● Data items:
▽

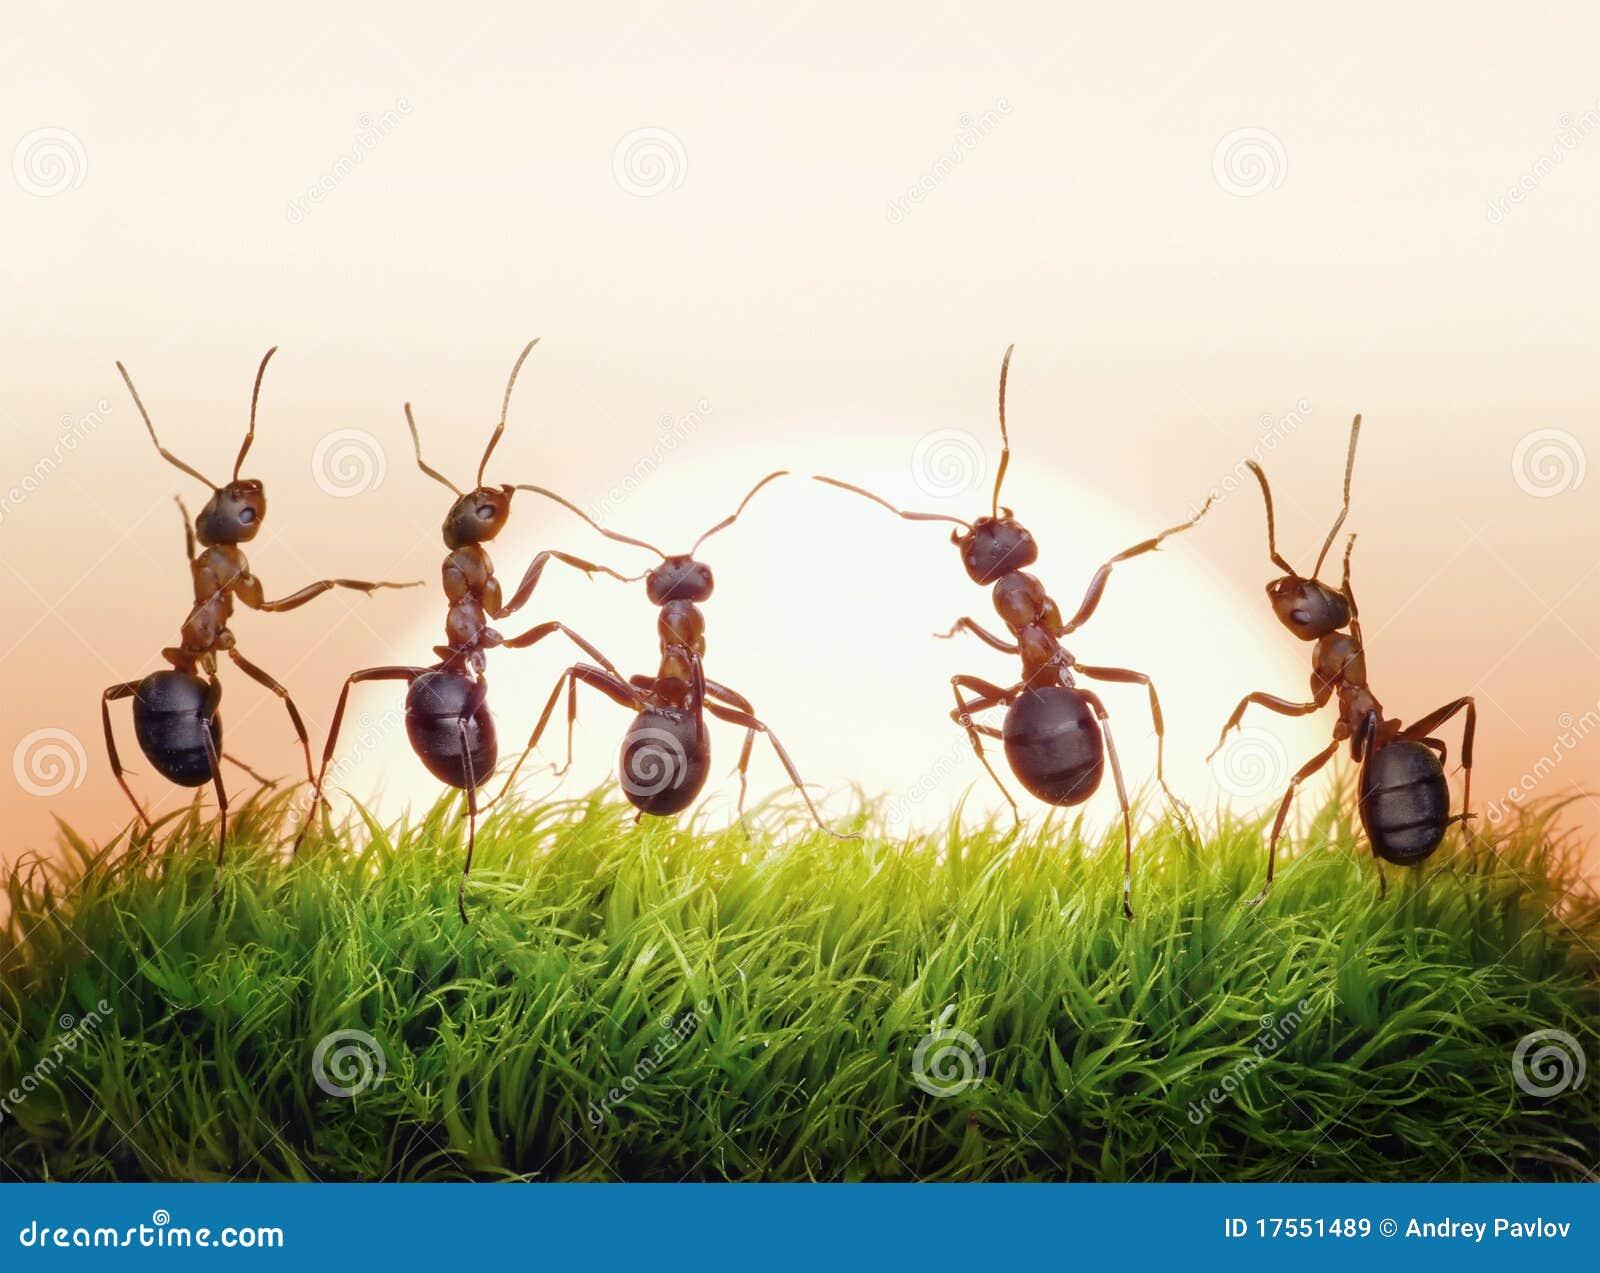 Salón Musical Reina de Corazones. - Página 21 Personas-de-hormigas-en-la-salida-del-sol-alegr%C3%ADa-de-la-vida-concepto-17551489
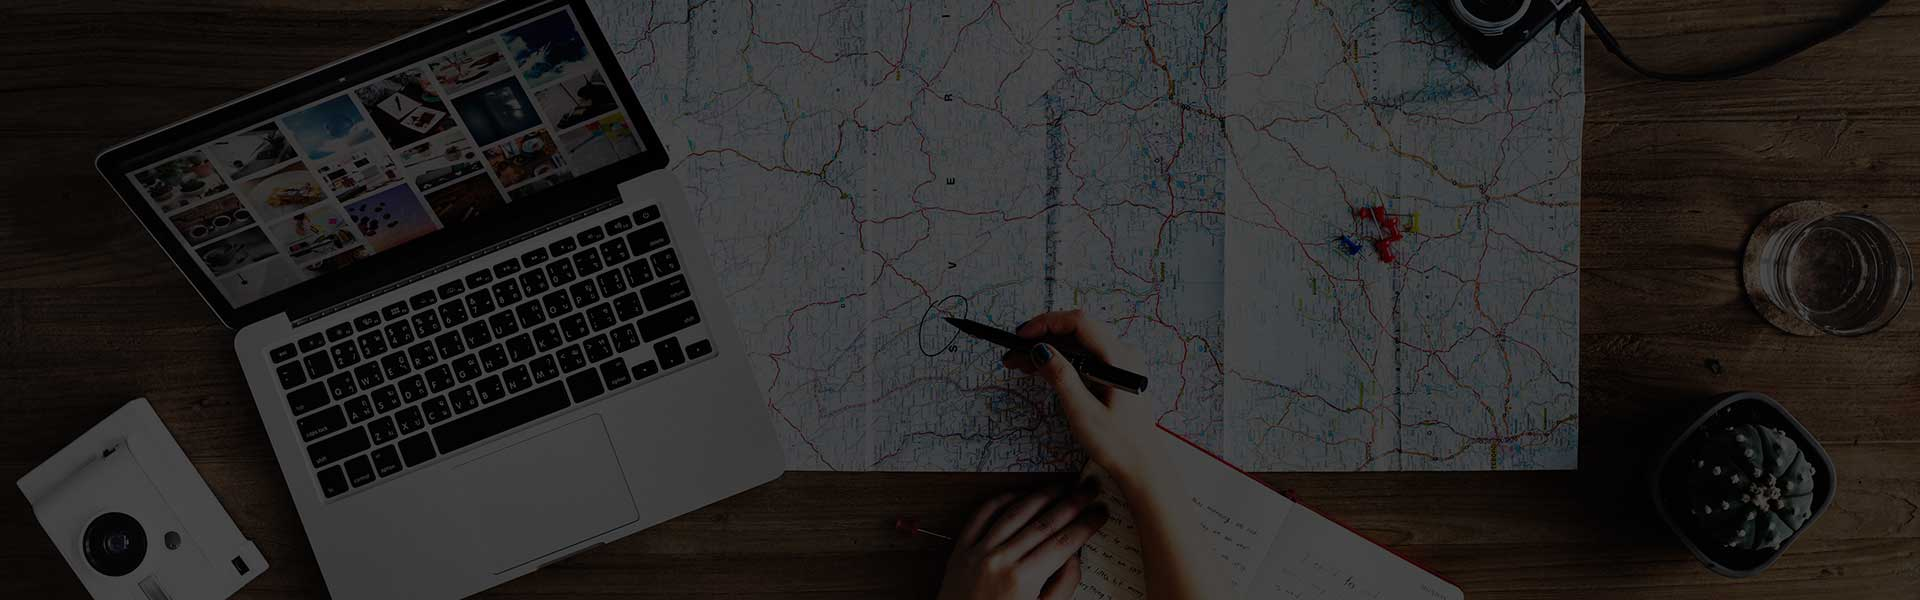 ¿Cómo funciona un catálogo interactivo?
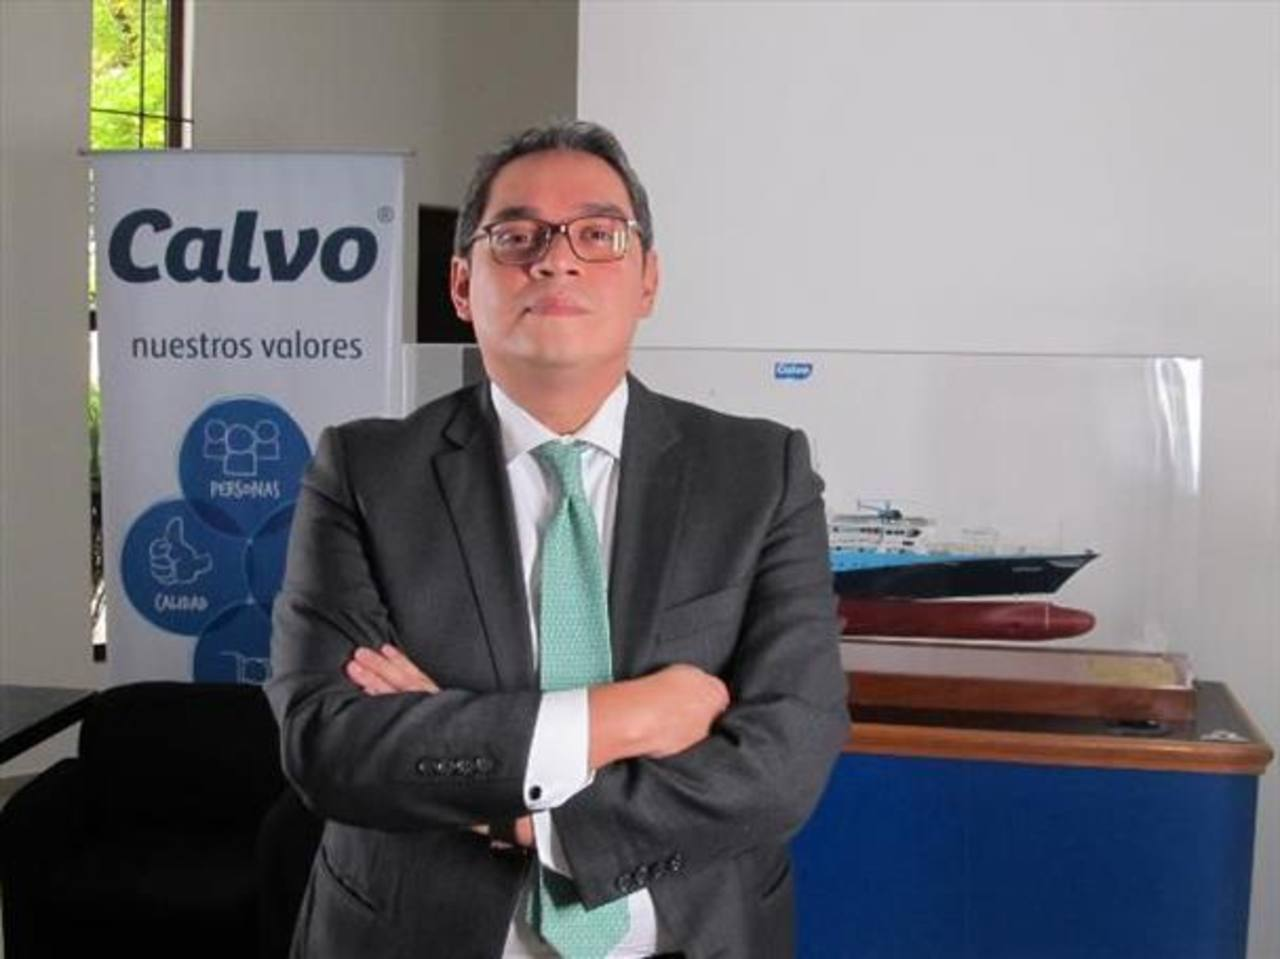 Boris Quintanilla está al frente las operaciones de Calvo en El Salvador desde el año pasado. El profesional asegura que en 2014 las operaciones crecerán entre 10 y 12 %.
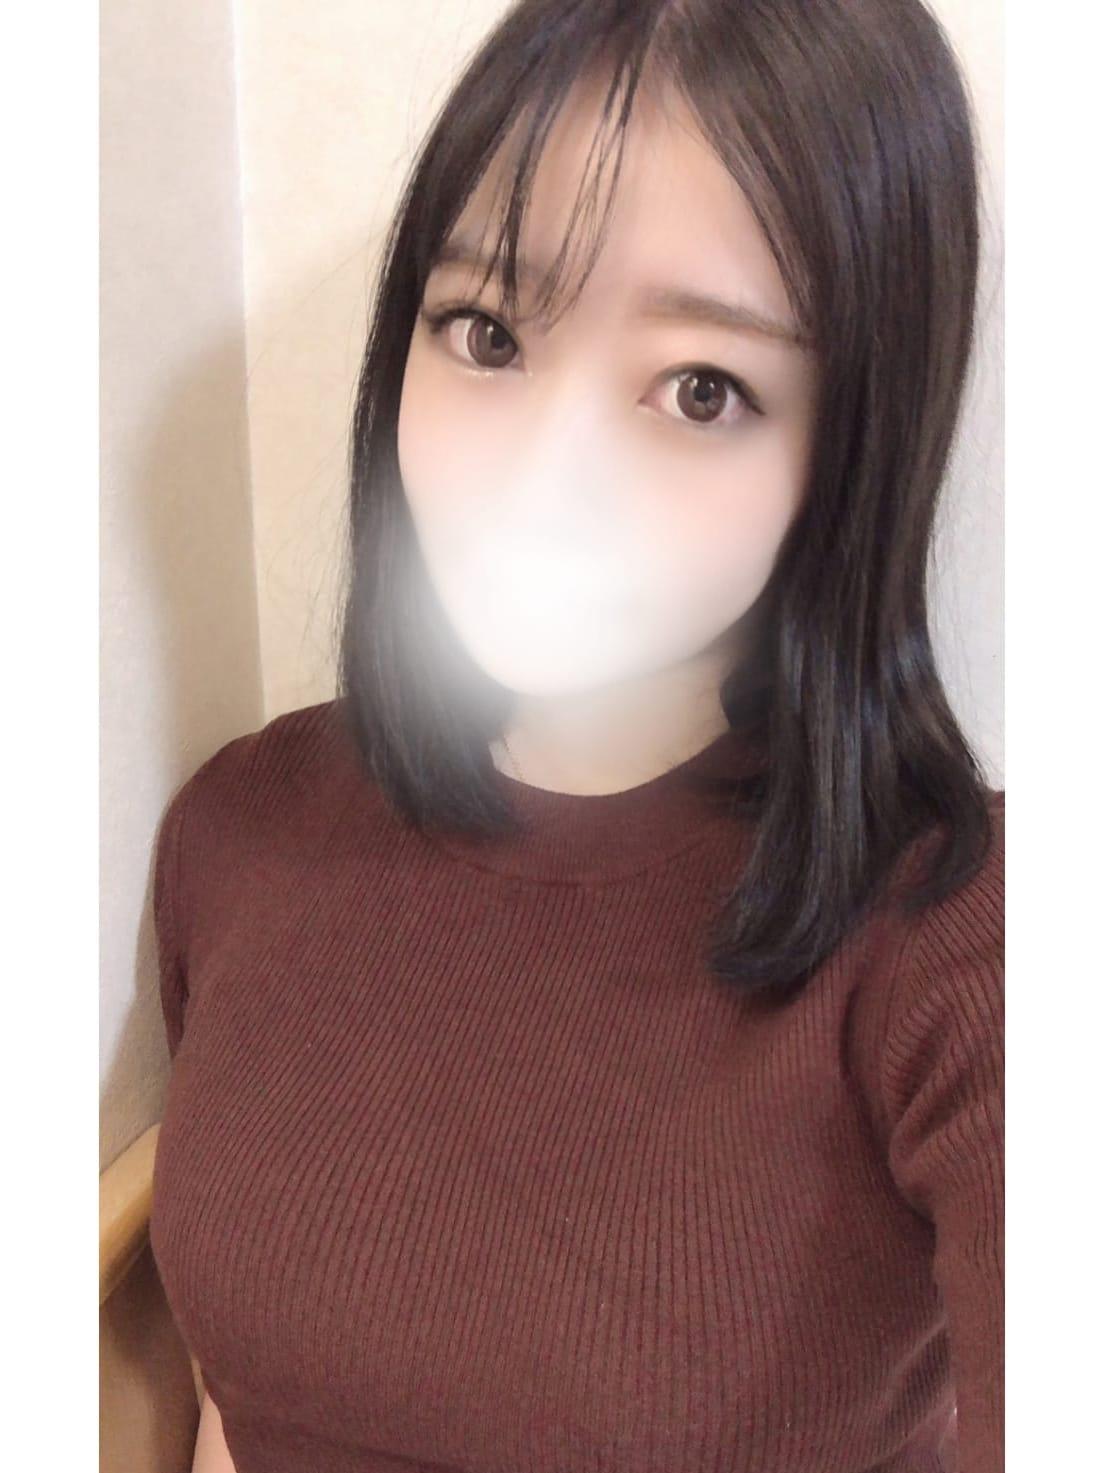 杏樹(あんじゅ)(ノア(NOA))のプロフ写真1枚目
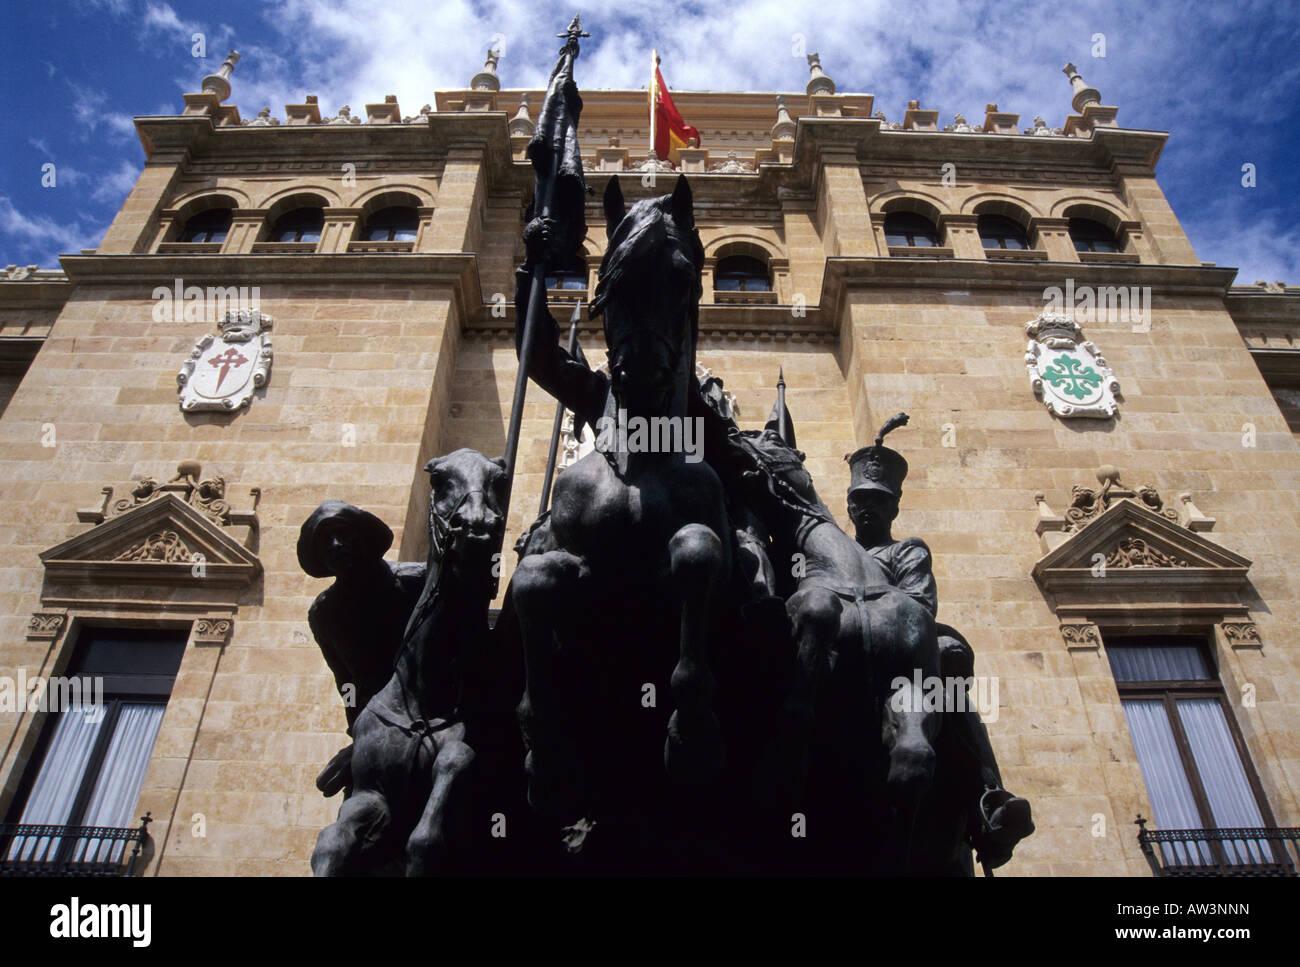 Alcántara Hunters statue and Academia de Caballería VALLADOLID Castile Leon region SPAIN - Stock Image
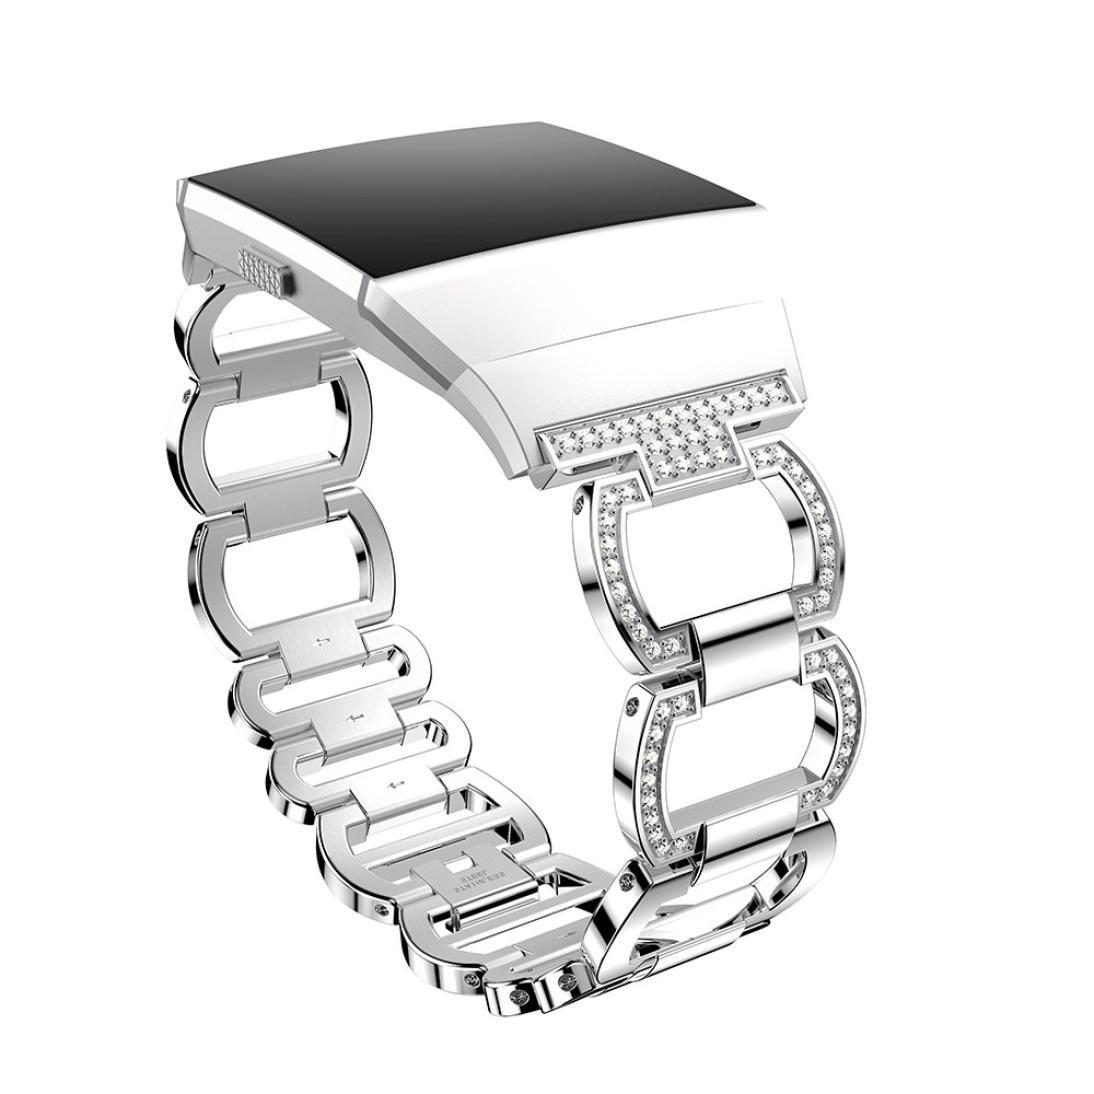 hp95 for Fitbit Ionic用時計バンドアクセサリー、( TM )ラグジュアリークリスタルダイヤモンドブレスレット交換ステンレス鋼ストラップFitbit Ionic  シルバー B07C3S4GGN

△

Each record should be printed again precisely, though not its pictures.

 Salón Musical Reina de Corazones. - Página 21 Personas-de-hormigas-en-la-salida-del-sol-alegr%C3%ADa-de-la-vida-concepto-17551489
 ¿Cómo funciona un catálogo interactivo?
 Boris Quintanilla está al frente las operaciones de Calvo en El Salvador desde el año pasado. El profesional asegura que en 2014 las operaciones crecerán entre 10 y 12 %.
 杏樹(あんじゅ)(ノア(NOA))のプロフ写真1枚目
 Alcántara Hunters statue and Academia de Caballería VALLADOLID Castile Leon region SPAIN - Stock Image
 hp95 for Fitbit Ionic用時計バンドアクセサリー、( TM )ラグジュアリークリスタルダイヤモンドブレスレット交換ステンレス鋼ストラップFitbit Ionic  シルバー B07C3S4GGN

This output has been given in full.